An Introduction to Analytics in Healthcare: Pharma and Health Plans
The math and statistics that graduate students and postdoctoral scientists use in their day-to-day research are the same types of analyses, applied to a slightly different data set, that are used every day in business. In the simplest terms, the business side of Healthcare can be split into 3 groups, Pharma, Payers, and Providers. Pharma makes the drugs, Payers pay for drugs (and medical interventions), and providers are the MDs and satellites of support services that orbit them. This course will provide a basic introduction to the structure of Pharmaceutical Manufacturers and Payers (including PBMs and Health Plans), and will begin a (non-exhaustive) dive into the types of statistics and analytics that are being used every day to drive strategy, to make business decisions, to help contain healthcare costs, and to predict future opportunities and pitfalls.
Course Fee: $10.
Dates & Times
February 26th and March 5th, 12:30 – 4 pm
Introduction to Pharma and Pharma Analytics
The pharmaceutical industry is extremely complex, and the inner workings of the pharmaceutical and biotechnology companies are incredibly dynamic. Even seasoned industry professionals can find it difficult to understand the activities and interdependencies across all key functions within a pharmaceutical company. With that in mind, this “course” will provide a *basic* introduction to the organizational structure of the typical Pharmaceutical Manufacturer and will use that information as a launching pad into the kinds of data-driven analytics that Pharma uses every day to make some of its most important decisions.
Introduction to Commercial Payers (Health Plans and PBMS) and Payer Analytics
The United States health care system relies heavily on private (Commercial) health insurance to provide cost coverage for most Americans. While Health Insurance Companies cover medical expenses, Pharmacy Benefit Managers (PBMs) cover Pharmacy (drug) benefits. This course will provide an introduction to the organization structure of both the typical health plan and pharmacy benefit manager as well as providing some insights into the kinds of data-driven analytics that Payers use in their day-to-day business decision making processes.

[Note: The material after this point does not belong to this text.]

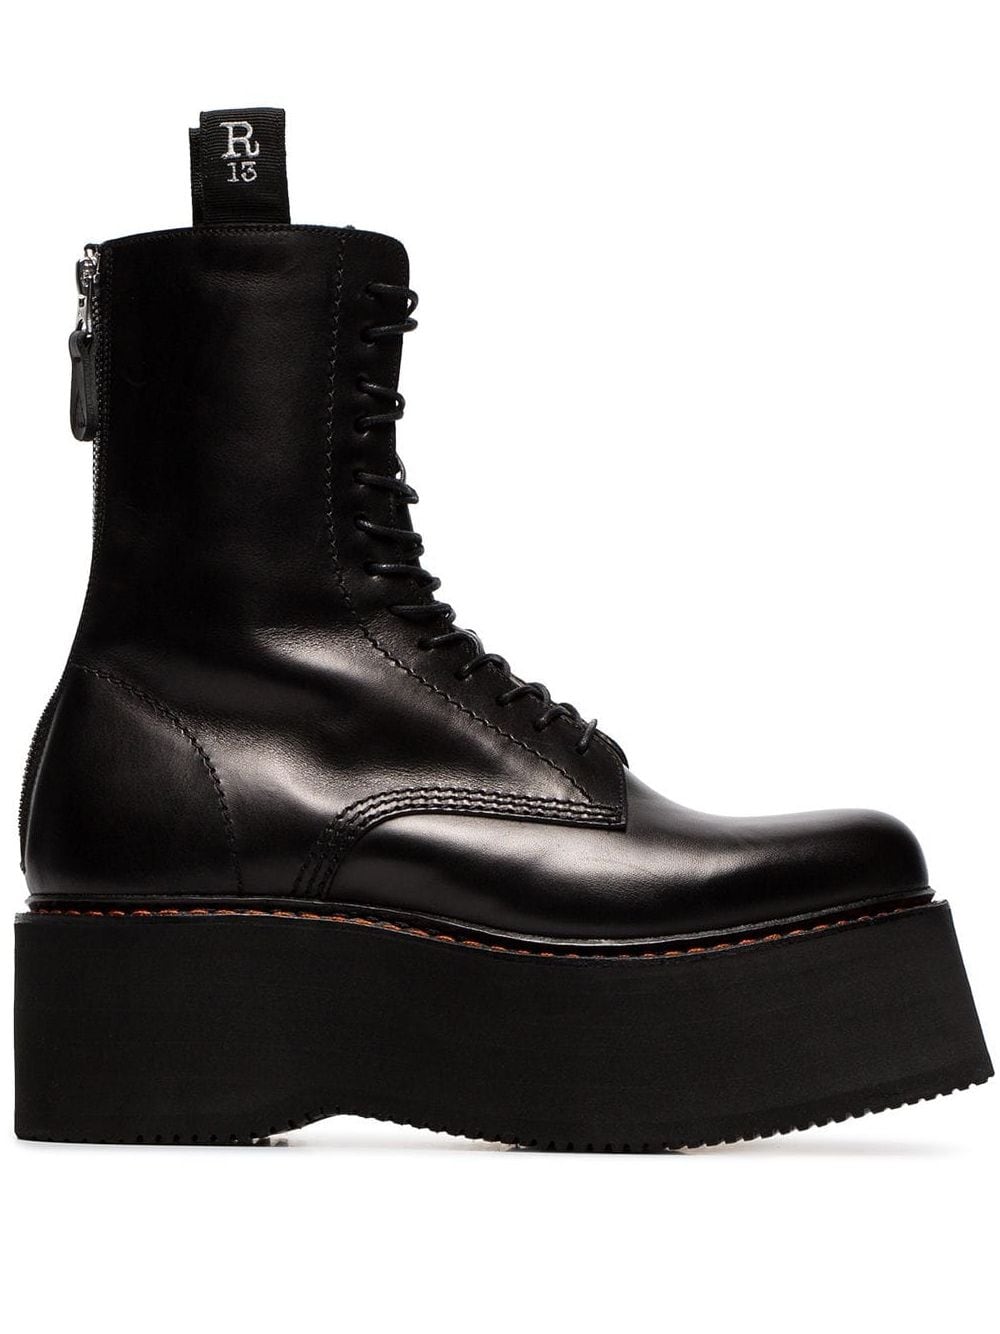 R13 Black Double Stack lace-up Leather 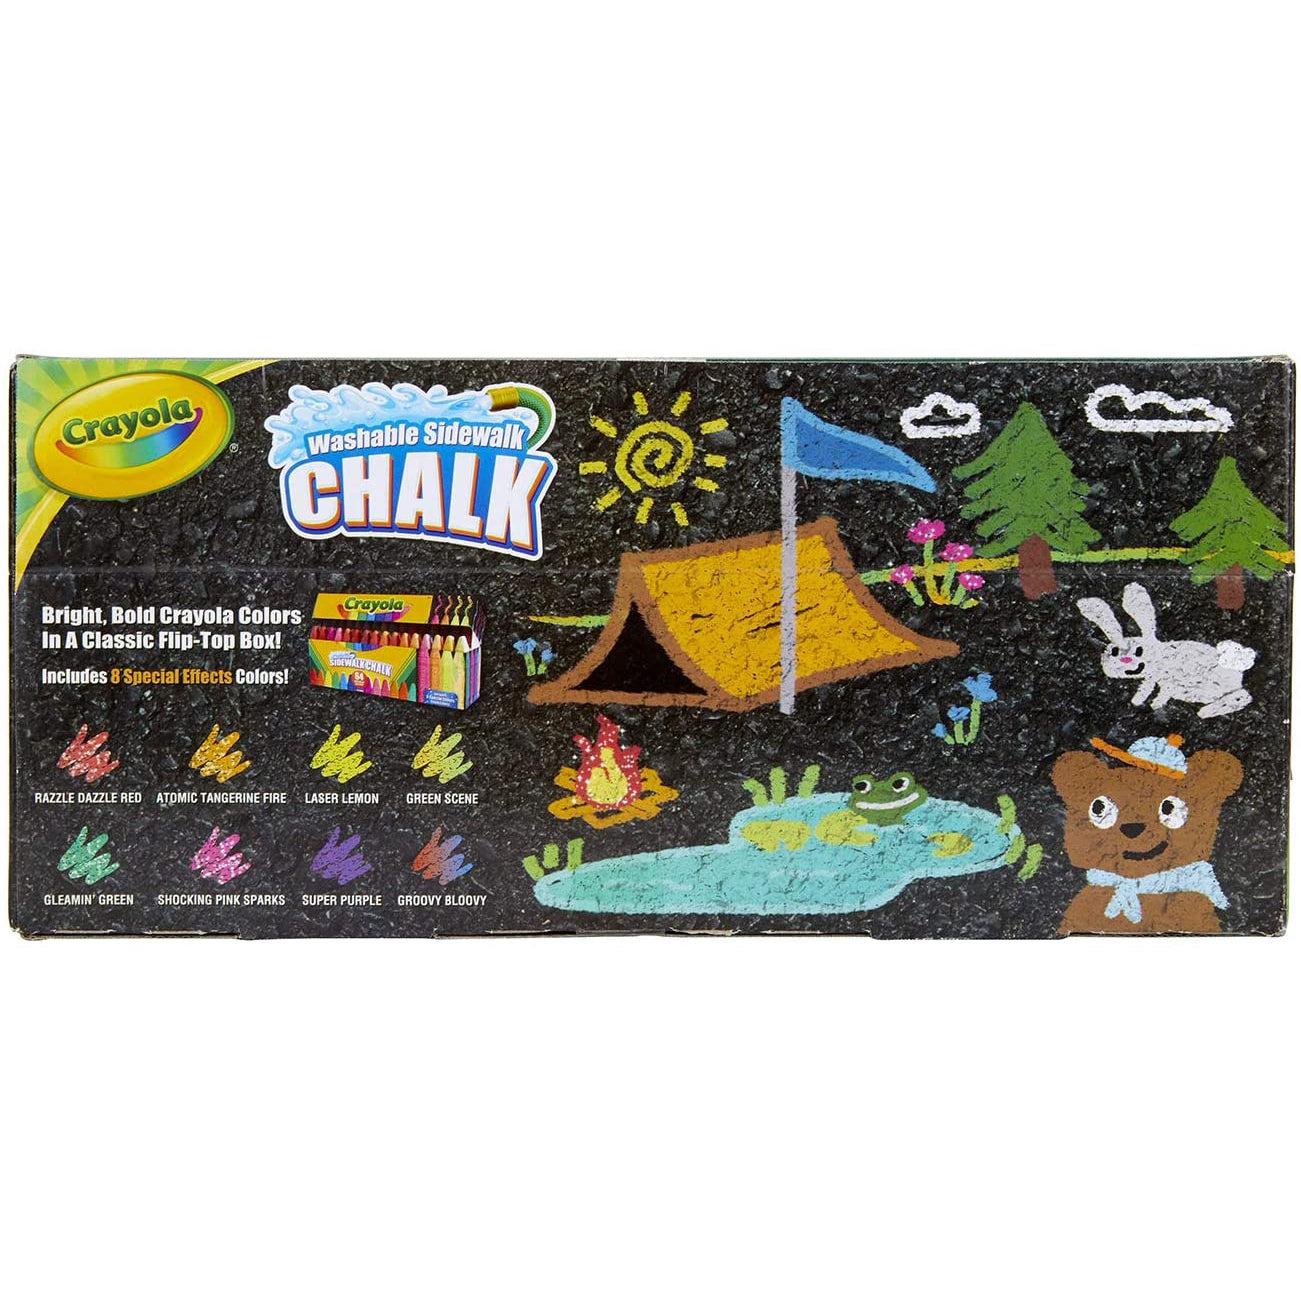 Front view of the box of Crayola 64 count Ultimate Washable Sidewalk Chalk.

Ryan Mastro, PhD, Vice President, Analytics, United Healthcare
Ryan has over 10 years of experience in applying data-driven analytics to developing business strategy in the healthcare sector. Currently, Ryan is Vice President, Analytics for United Healthcare in Downtown Chicago where he leads a team responsible for data warehousing, auditing, reporting, and strategic analytics. His team leverages “Big Data” to provide consultative support services for Sales, Marketing, Product, Distribution, and Clinical / Health Economics. Prior to joining United Healthcare, Ryan was with CVS /caremark where he led a Strategy and Analytics team providing data-driven insights for Sales, Distribution, Product and Business Development functions. Ryan held previous positions in Health Care and Life Sciences Consulting, most recently as an Associate Partner with Oliver Wyman in their Health and Life Sciences practice based in Chicago. Ryan earned his PhD in Neurobiology in 2006 and a Bachelor’s degree in Neuroscience from Yale University (a long, long time ago).